Podkreślone rzeczy mówi Phone guy/szef pizzeri
~~
-halo halo. Pizzeria Freddys's Fazbear's Pizza, słucham.

-Ja z tego ogłoszenia o pracę

-Witam, pan na nocną zmianę, tak? Poproszę o imię i nazwisko.

-Max Newton i Sabrina White

-Dobrze. Proszę o przyjechanie o 23:00 do placówki.

-Dobrze do widzenia 

-No to już wiemy, jak się tam dostaniemy

-Mam pytanie.

-Jakie?

-Czy nie chciałbyś ze mną zamieszkać. Dom jest bardzo duży i starczy miejsca dla nas obojga.

-mój ojciec to alkoholik. Pewnie tego nawet nie zauważy, więc zgoda. Ale co z chodzeniem do szkoły. Ona jest ponad 50 km z tąd.

-Pamietaj, przecież możemy się teleportować.

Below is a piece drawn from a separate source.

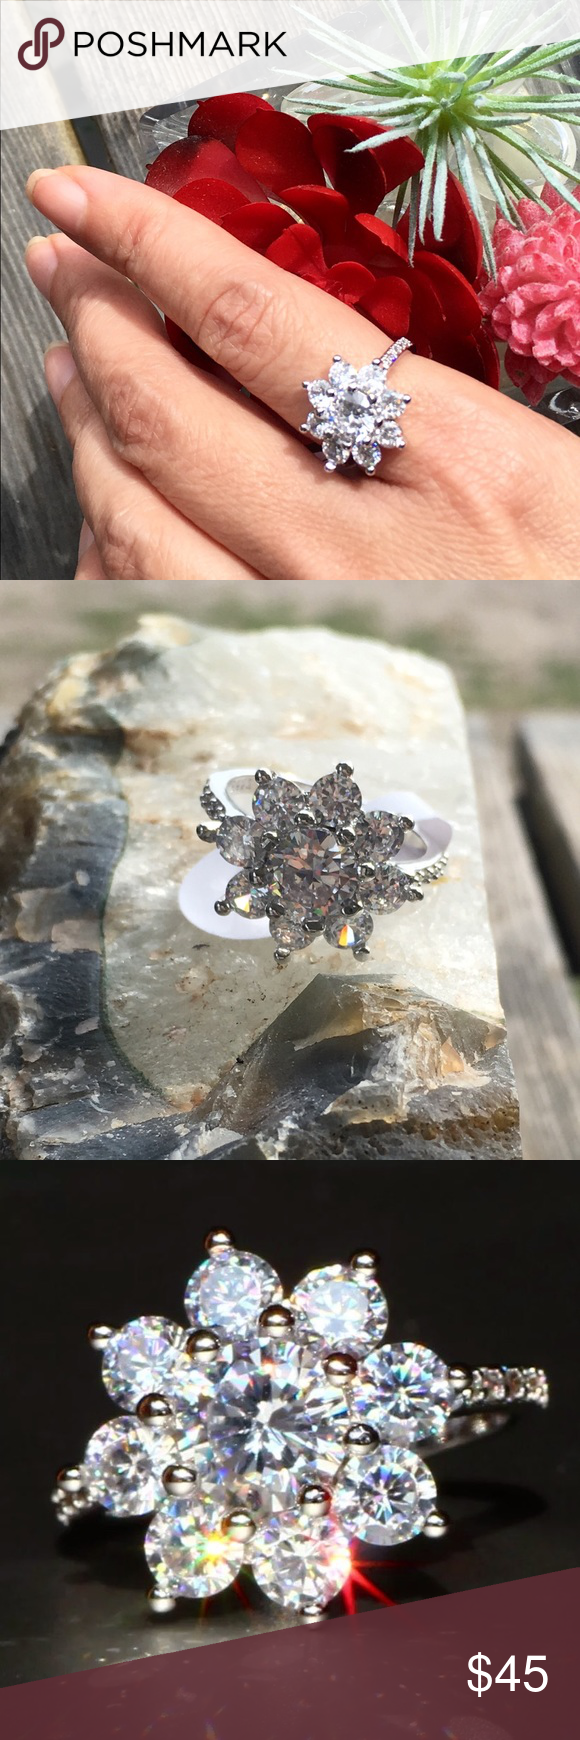 Dahlia Flower Ring Size 7 White Sapphire Jewelry Sapphire Jewelry Ring Dahlia Flower

-A no przecież. Która sypialnia jest moja.

-Która chcesz.

-Dobra to ja idę po rzeczy.

Po chwili byłam już sama. Była 16 więc zostało jeszcze dużo czasu do kiedy mieliśmy być w pracy. Ten czas minął mi na oglądaniu jakiegoś dennego serialu i jedzenia chipsów. Oglądałam jakiś film detektywistyczny. Po chwili wpadłam na pewien pomysł. Skoro ten dom ma ponad 50 lat to znaczy że coś może tu być ukryte więc postanowiłam go przeszukać. Zaczęłam od piwnicy. Nic specjalnego sterty gazet i zakurzone starocie. Następnie udałam się na strych. Było tam bardzo ciemno.
-kurde szkoda że nie mam latarki. Po chwili ona pojawiła mi się w rękach. Zaczęłam oglądać cały strych. Było tu tyle kurzu jakby nikt nie zaglądał tu od tysięcy lat. Na półkach były różne bibeloty i tym podobne. W rogu pokoju znajdowało się coś przykryte płachtą. Odsunęłam nakrycie a pod nim zauważyłam średniej wielkości szkatułke. W środku znajdowała się jakaś maska. Była ona cała czerwona z elementami czerni. Postanowiłam ja przymierzyć. Odrazu zaobserwowałam że maska idealnie przylega do twarzy. Teraz już z maską poszłam dalej zwiedzać strych. Po chwili chodzenia zauważyłam jakąś dużą rzecz która była przykryta płachtą. Odsunelam ją a moim oczą ukazało się lustro. W jego odbiciu nie widziałam siebie tylko jakąś inną postać. Miała ona białą bluzę z której dosłownie ciekła krew. Czarne spodnie i trampki. Moje włosy które wcześniej były brązowe teraz zrobiły się szare. Moje oczy koloru niegdyś zielonego były teraz zupełnie czarne. Nie bałam się tego odbicia bo wiedziałam że to ja. Wyglądałam dosyć zaskakująco. Doszłam do wniosku że dzięki tej masce mogę zmieniać swoją formę. Postanowiłam tą maskę trzymać zawsze przy sobie. Postanowiłam przypiąć ja na pasie. Zadanie miałam bardzo ułatwione bo znalazłam pasek specjalnie do tego przeznaczony. Zdjełam maskę i przyczepiłam ją do pasa.  Wszystko co znajdowało się na strychu było już przeszukane. Zostało mi jeszcze jedno miejsce. Był to mały pokoik pod schodami. (Fani HP łączymy się [Dop.Autora]) Weszłam do środka i zapaliłam lampkę. Odrazu zobaczyłam 3 szafie po lewej, prawej, i na wprost. Te po lewej i po prawej były puste ale na tej na wprost znajdowała się złota skrzynia. Była ona otwarta. Zajrzałam do środka gdzie znajdowały się pluszowe wersję każdego animatronika z pizzeri. Były strasznie słodkie więc nie chciałam ich tutaj zostawiać. Udałam się do mojego pokoju i położyłam je na łóżku i na szafce. nocnej a następnie zacząłem przeglądać Facebooka. Z mojego  bardzo interesującego zajęcia wyrwał mnie bardzo wysoki głos męski.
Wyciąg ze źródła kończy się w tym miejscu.